Reframing the Horn as a Decentralized System of Collective State Sovereignty

To overcome its subaltern position and convert its geography into a strategic asset, the Horn needs to unleash the power of native intelligence as the borrowed modes of epistemology and thought are in a state of exhaustion and irrelevance unable to make sense of the new situation and explain the disordered world.

This indigenous mode of epistemology putting a premium on independent thought is capable of creating a space for another enabling thought, reason and logic that is open and free for a new way of understanding, organizing, empowering, and regionalizing the Horn and Red Sea regions.  

Bringing the scholars and practitioners from this part of the world is of strategic significance as their ideas contain experiential knowledge taking seriously the lived experience of the people of the region. An Ethiopian scholar and diplomat, Professor Negussay Ayele imparted transformative ideas that could help the region generate ideas and practices that could take it towards a new regional future.

Professor Negussay, enunciated that the peoples of Northeast Africa “will either be destined to survive and maybe even thrive together or be doomed to self-destruct together, not separately,” articulated a new concept of a regional order for the Horn, that is, a form of association known as a “decentralized system of collective state sovereignty” and a “loose rather than a rigid form of political association.” These ideas emphasize functional interactions (geo-economic and geo-cultural bonding) have emancipatory possibilities over structural formalities.

The ideas of Professor Negussay stressing the need to explore this functional and collective state sovereignty as some of it have been part of the region’s past underscore that this way of understanding and re-ordering of the region could help it redefine its geography, overcome the perils of this momentous era, serve as a site for global geo-economic cooperation.  

The countries of the Horn should heed the wisdom of Professor Negussay and explore the possibility of this option–collective state sovereignty–to launch the future of the Horn capable of delivering geostrategic autonomy and geo-economic independence.

Applying these ideas in the new situation might seem so difficult.
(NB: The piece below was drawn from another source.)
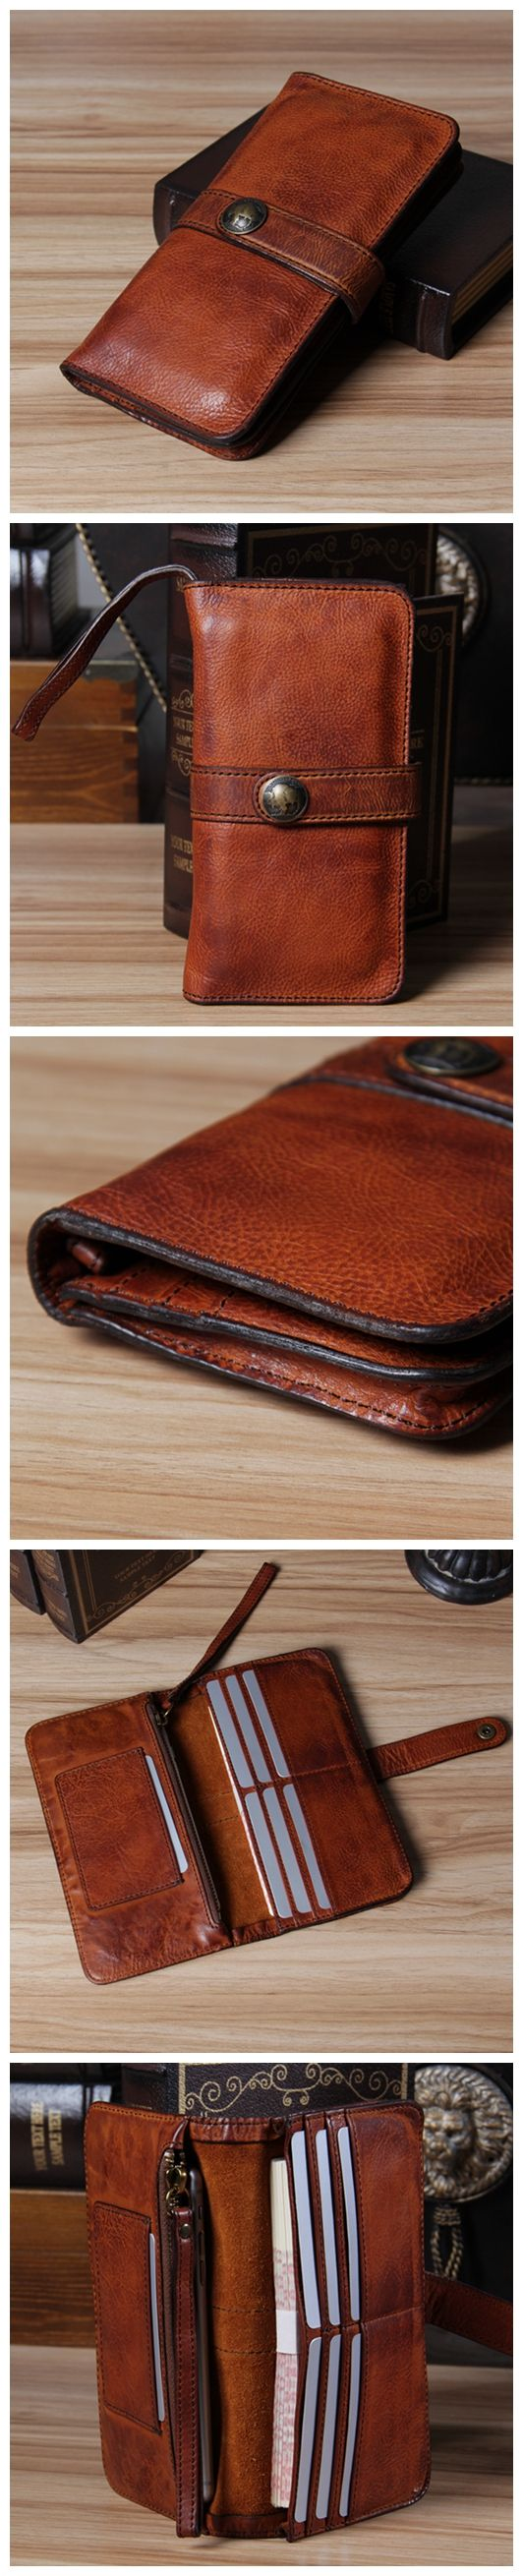 Men's Vintage Look Genuine Leather Long Bifold Wallet

The numerous schemes hatched at making the Horn a subservient region should compel the countries of the Horn to strengthen coordination in order to stand up to the existential challenges and stay afloat in the evolving geopolitical power shifts.

It is a critical time for the elites of Horn to demonstrate mega-courage, unity, solidarity relevance, and regional leadership to own and lead the redrawing of the map of the Horn and Red Sea according to rules and designs of their own making.

Ethiopia’s Concept of Order: Regional Strategic Autonomy and Geo-Economic Openness 

Similarly, Foreign Minister Gedion Timothewos who has recently put forward Ethiopia’s concept of a regional order, underlines the need to make a shift from the logic of “manichean conceptions of sovereignty” to that of a collaborative and shared interests of the Horn as a whole to calmly respond to the crises, position the region as a rule maker, and emerge as a key geo-economic hub connecting Africa, Europe and Asia.  

Foreign Minister Gedion introduces concepts such as strategic autonomy and geo-economic openness as now forming the ideational basis for a regional order that facilitates the birth of the Horn as a shared geo-economic sociality grounded on non-hegemonic stability and mutual enablement.

What does regional strategic autonomy mean for the countries of the Horn? It is for the countries of the Horn to run the affairs of the Horn and the African side of the Red Sea, Gulf of Aden and Indian Ocean while committing them to end their role as a platform for destabilization of the region.

That means external and middle powers have no role in managing the affairs of the Horn and Red Sea while welcoming like-minded and cooperative partners who can work in concert with the countries of the Horn in turning geography into a strategic advantage for all and securing maritime and land routes for global trade and connectivity.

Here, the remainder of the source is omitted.